Fig 1.
Overview of the different steps in sampling, extraction, cDNA synthesis, library building, sequencing and bioinformatics used in our protocol for the detection and quantification of human viral pathogens from airplane toilet waste.
Fig 2.
Heatmap of the top 50 most abundant viruses in the airplane toilet waste.
Read number values were converted to Viral Reads Per Million (VRPM) and log 10 transformed. Hierarchical clustering was done on the airplane samples and colored by region. The putative viral host is marked in the left column. In some cases the host is debated, and these are discussed more in the Discussion and Strengths and Limitations sections.
Fig 3.
Principal component analysis (PCA) of the airplane sewage viral community composition.
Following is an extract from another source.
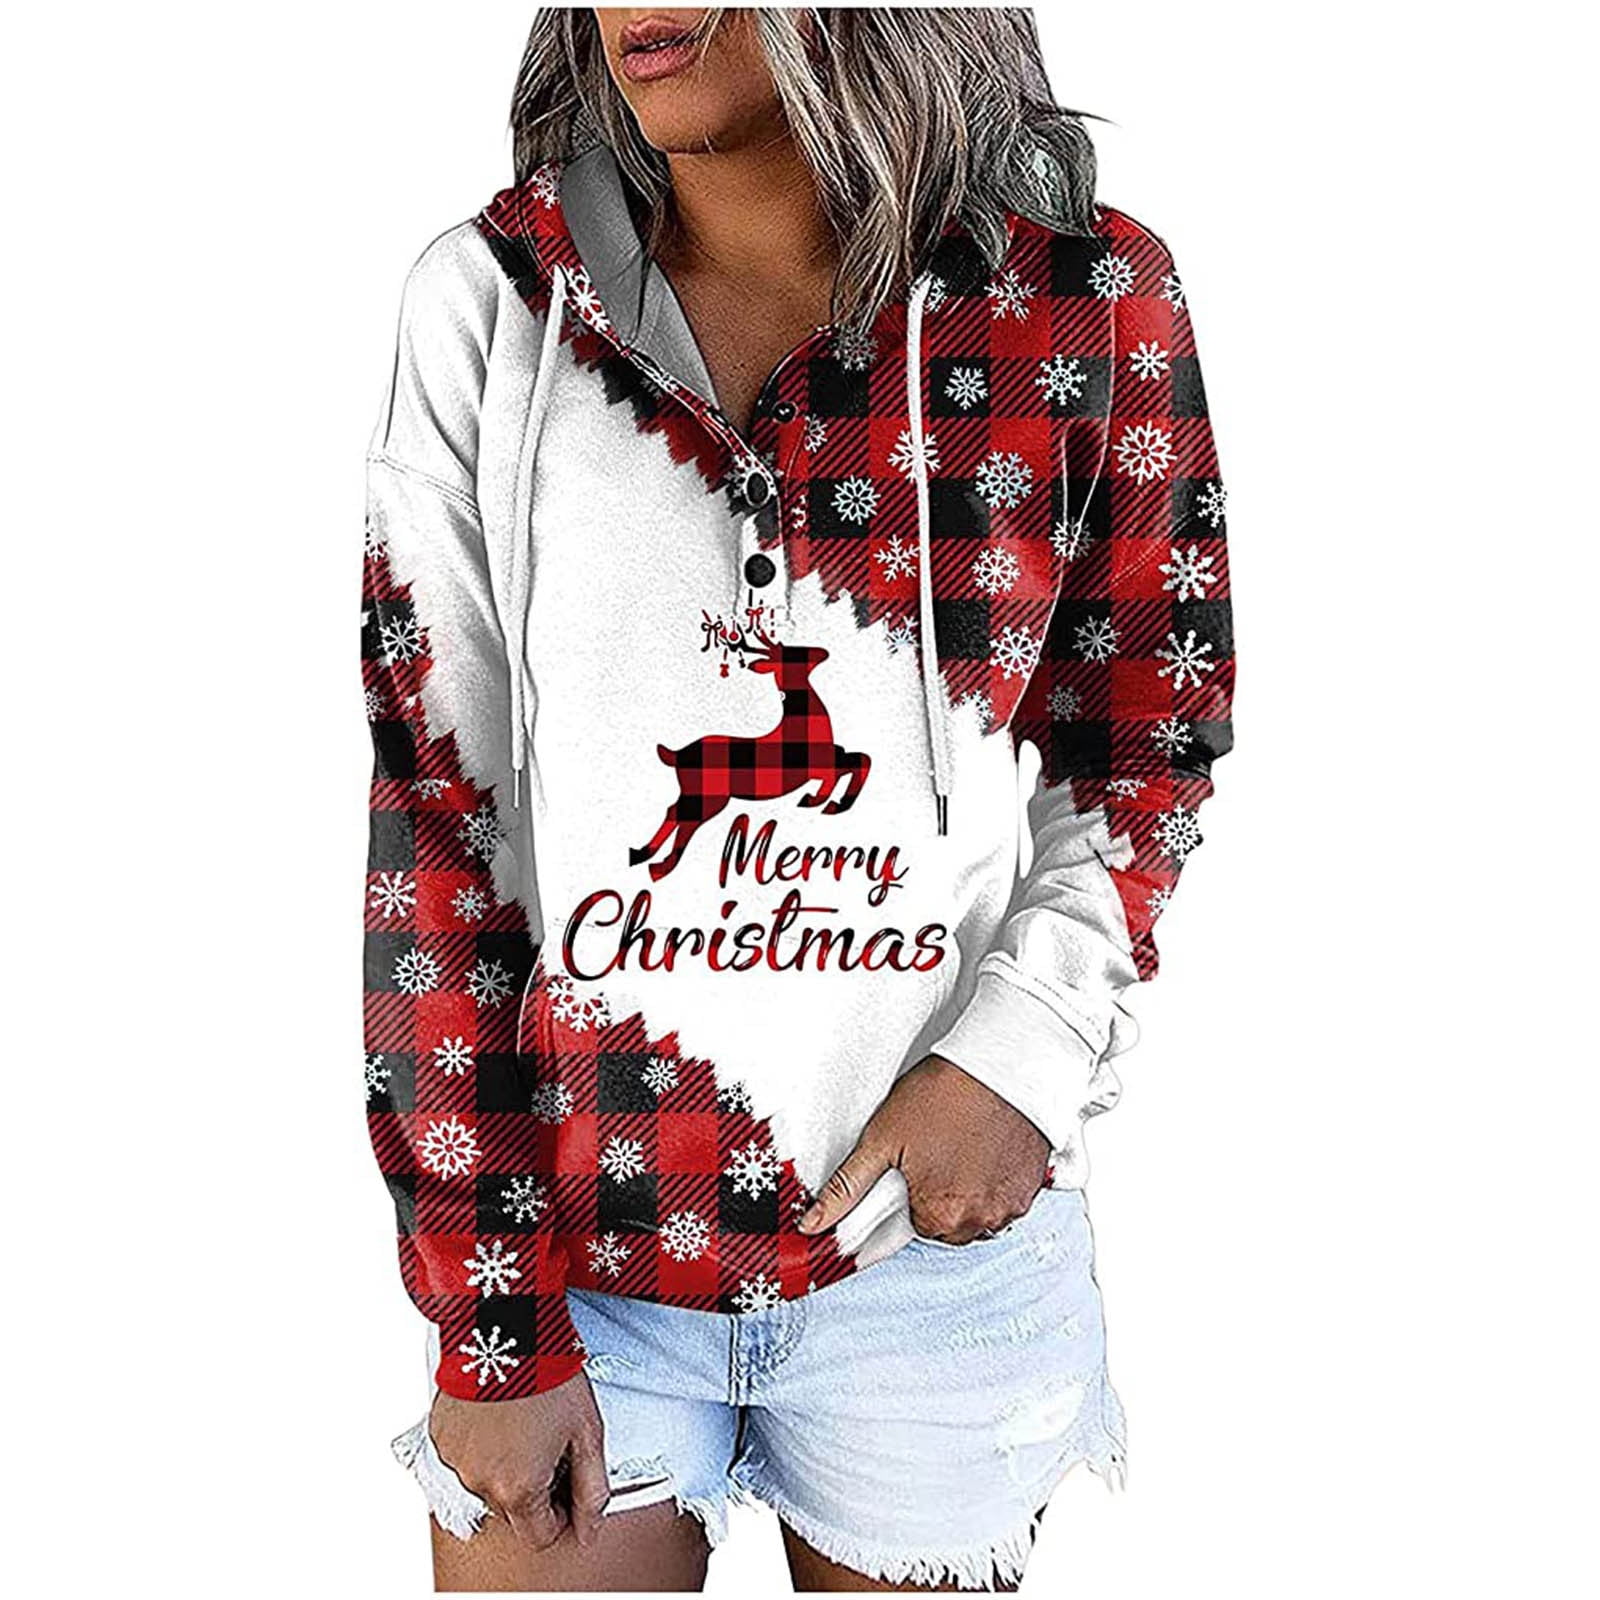 VREWARE trendy hoodies for women,1 dollar items only,chrismas
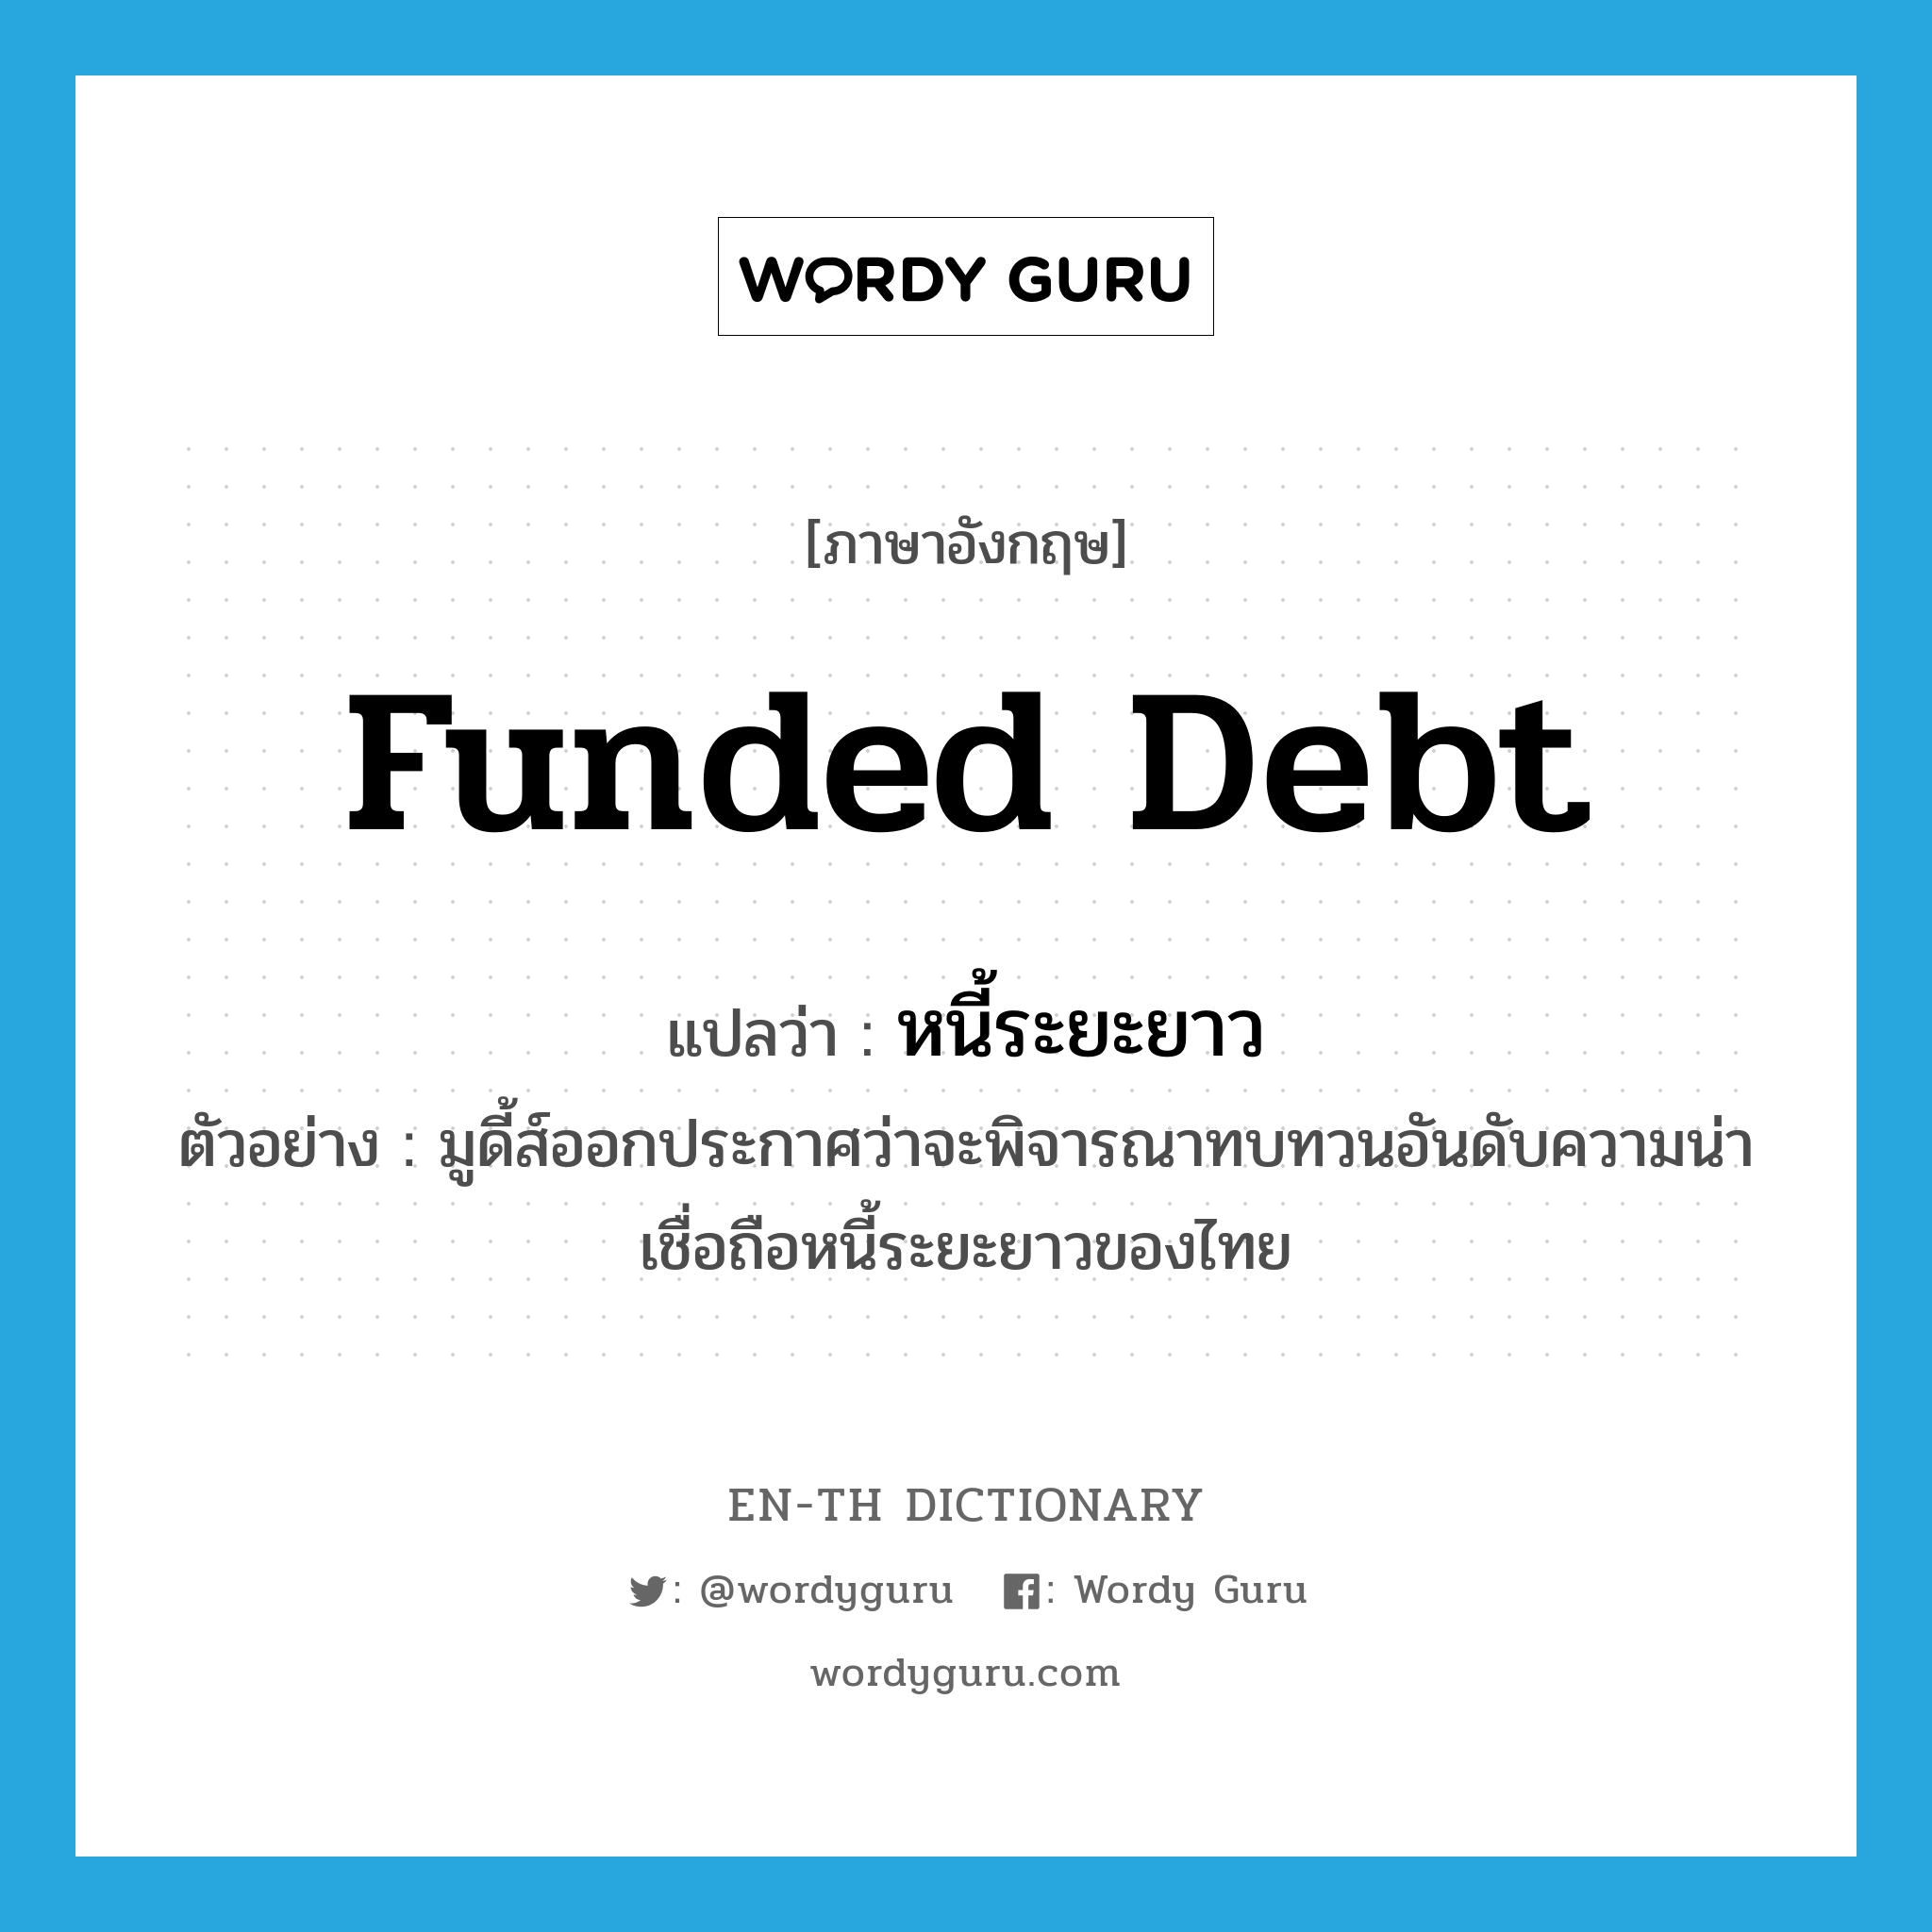 funded debt แปลว่า?, คำศัพท์ภาษาอังกฤษ funded debt แปลว่า หนี้ระยะยาว ประเภท N ตัวอย่าง มูดี้ส์ออกประกาศว่าจะพิจารณาทบทวนอันดับความน่าเชื่อถือหนี้ระยะยาวของไทย หมวด N

Log10 transformed viral reads per million (VRPM) values for the 12 most abundant virus families were used as input. The individual samples are colored according to their assigned region.
Fig 4.
Viral species richness of the samples grouped according to their city of departure.
Statistical analysis was done on region level, using Anova to test for significance (p<0.05) followed by pairwise t-tests with Bonferroni correction for multiple testing. ** = p<0.01.
Fig 5.
Enteric viruses detected in the sewage from the 19 airplanes.
The airplane samples are grouped according to their departing city (n = 1–3). The y-axis was log-transformed viral reads per million (VRPM). For the statistical analysis, the cities were grouped according to their assigned region, and tested for significance using the Kruskal-Wallis rank sum test. If significant, the pairwise significance was determined using the Wilcoxon test with Bonferroni correction for multiple testing. * = p-Wilcoxon < 0.05, ** = p-Wilcoxon < 0.01, † = p-Kruskal-Wallis < 0.05.